Ela também representou a consolidação de uma Jurisprudência da Destruição que já vinha de antes, partidária e sabotadora, com a sucessiva paralisação, por centenas de vezes, de dezenas de grandes obras de infraestrutura e de projetos estratégicos de governos petistas, nos últimos anos, como as hidrelétricas de Jirau e Belo Monte, a Refinaria Abreu e Lima e a Transposição do São Francisco, por exemplo, que tiveram entre outras consequências diretas um extraordinário aumento no preço das obras hoje atribuído quase que exclusivamente a supostos casos de corrupção.

E se apoiou no descrédito da democracia, por meio da manipulação da opinião pública, estratégia essa que é a cabeça de ponte de um movimento que pretende, de fato, diminuir o poder de representantes eleitos, para entregá-lo a um estrato privilegiado de funcionários concursados que se vêem como impolutos Cavaleiros da Justiça, e que consideram, temerariamente, que devem tutelar a República, por meio de sucessivas manobras políticas, quando  não têm um reles voto  e  estão proibidos, por lei, de meter-se nesse contexto.

Se houvesse um mínimo de respeito à Constituição,  o Movimento das 10 Medidas Contra a Corrupção teria sido coibido dede o início.

Juízes, procuradores, desembargadores,  devem fazer cumprir as leis e não criar movimentos de massa, slogans e marcas e sair colhendo assinaturas  para reformulá-las partidariamente - mesmo que não se trate de partido legalmente constituído - em seu próprio benefício profissional ou pessoal.

A não ser que queiram abandonar suas togas e seus  confortáveis gabinetes e se candidatar ao Legislativo, disputando, no próximo pleito, com os deputados e senadores aos quais pretendem dar lições éticas, o voto e a preferência do eleitorado.

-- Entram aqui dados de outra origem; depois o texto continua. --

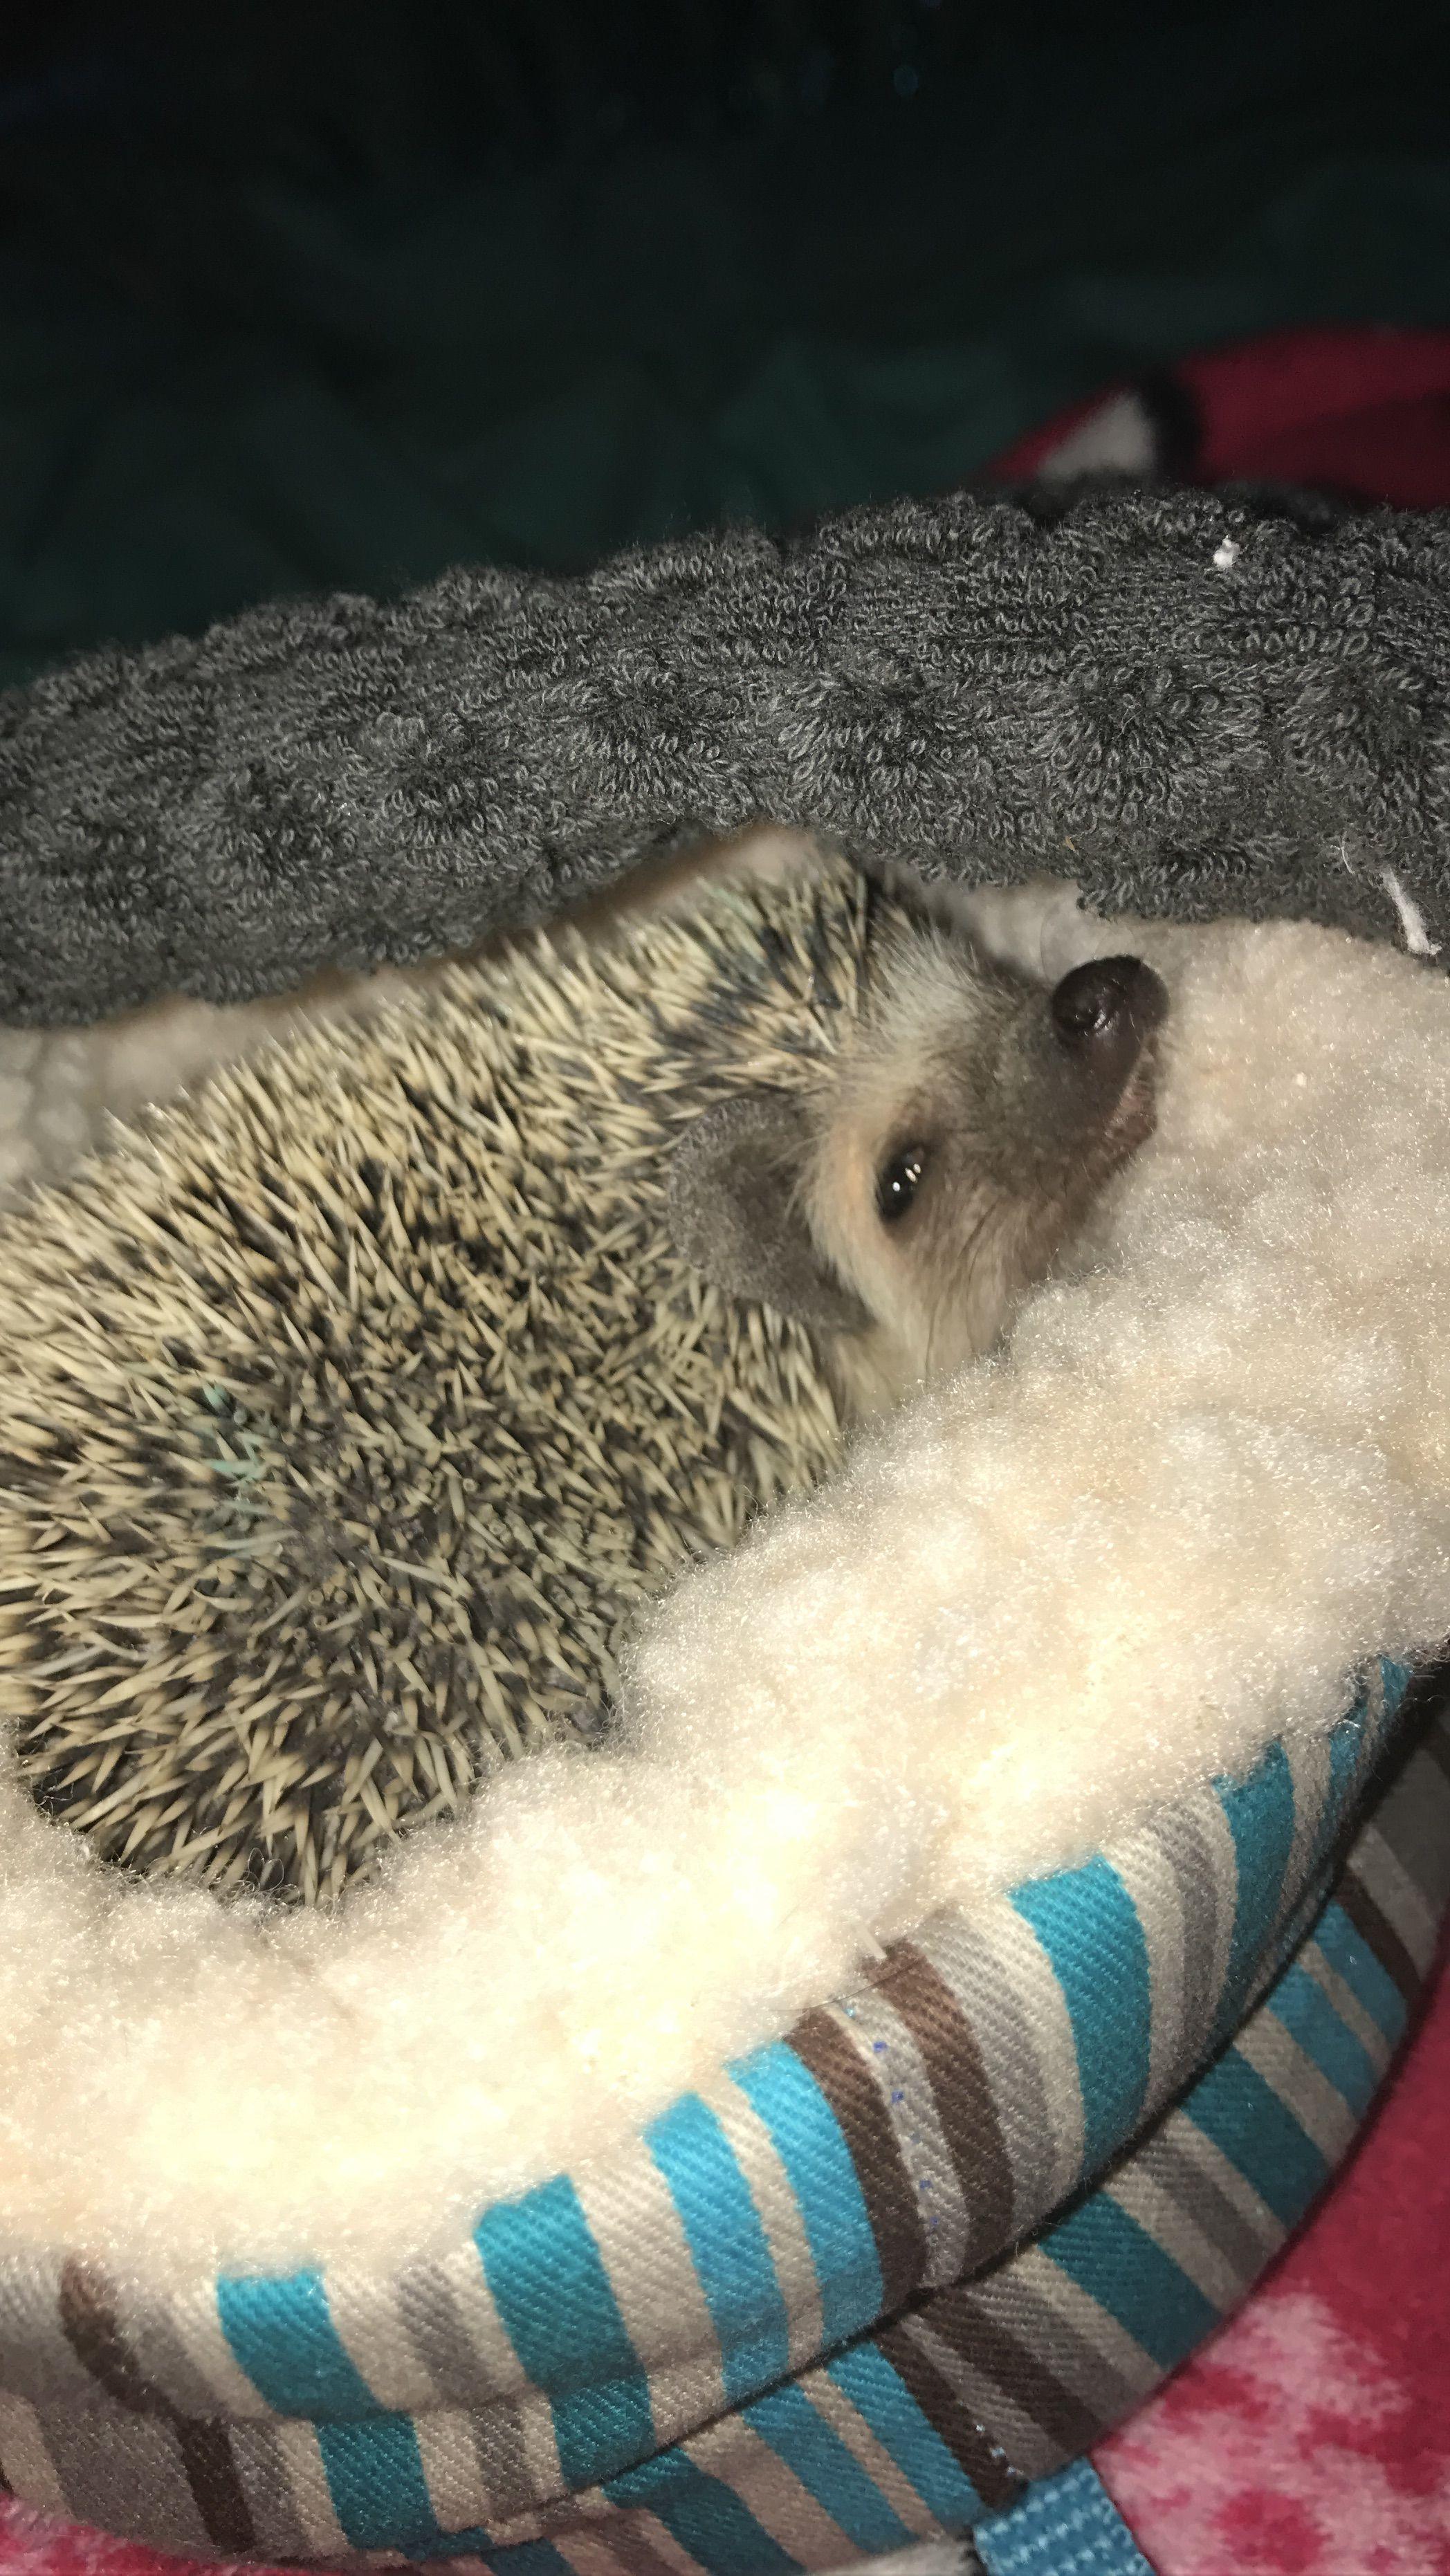 R u serious?? #hedgehog #jacinta

Se não fosse assim, os constituintes de 1988 teriam lhes franqueado o acesso à atividade política, quando o que fizeram, explicitamente, foi exatamente o contrário, como ocorre, aliás, na maioria dos países do mundo.

Já imaginaram se as Forças Armadas fizessem um movimento em defesa de seus próprios interesses e do aumento de quinhão de poder, de facto, no conjunto da sociedade brasileira, através de um conjunto de “10 Medidas Pró-defesa”, com soldados da Marinha, do Exército, da Aeronáutica, colhendo assinaturas em bares e restaurantes?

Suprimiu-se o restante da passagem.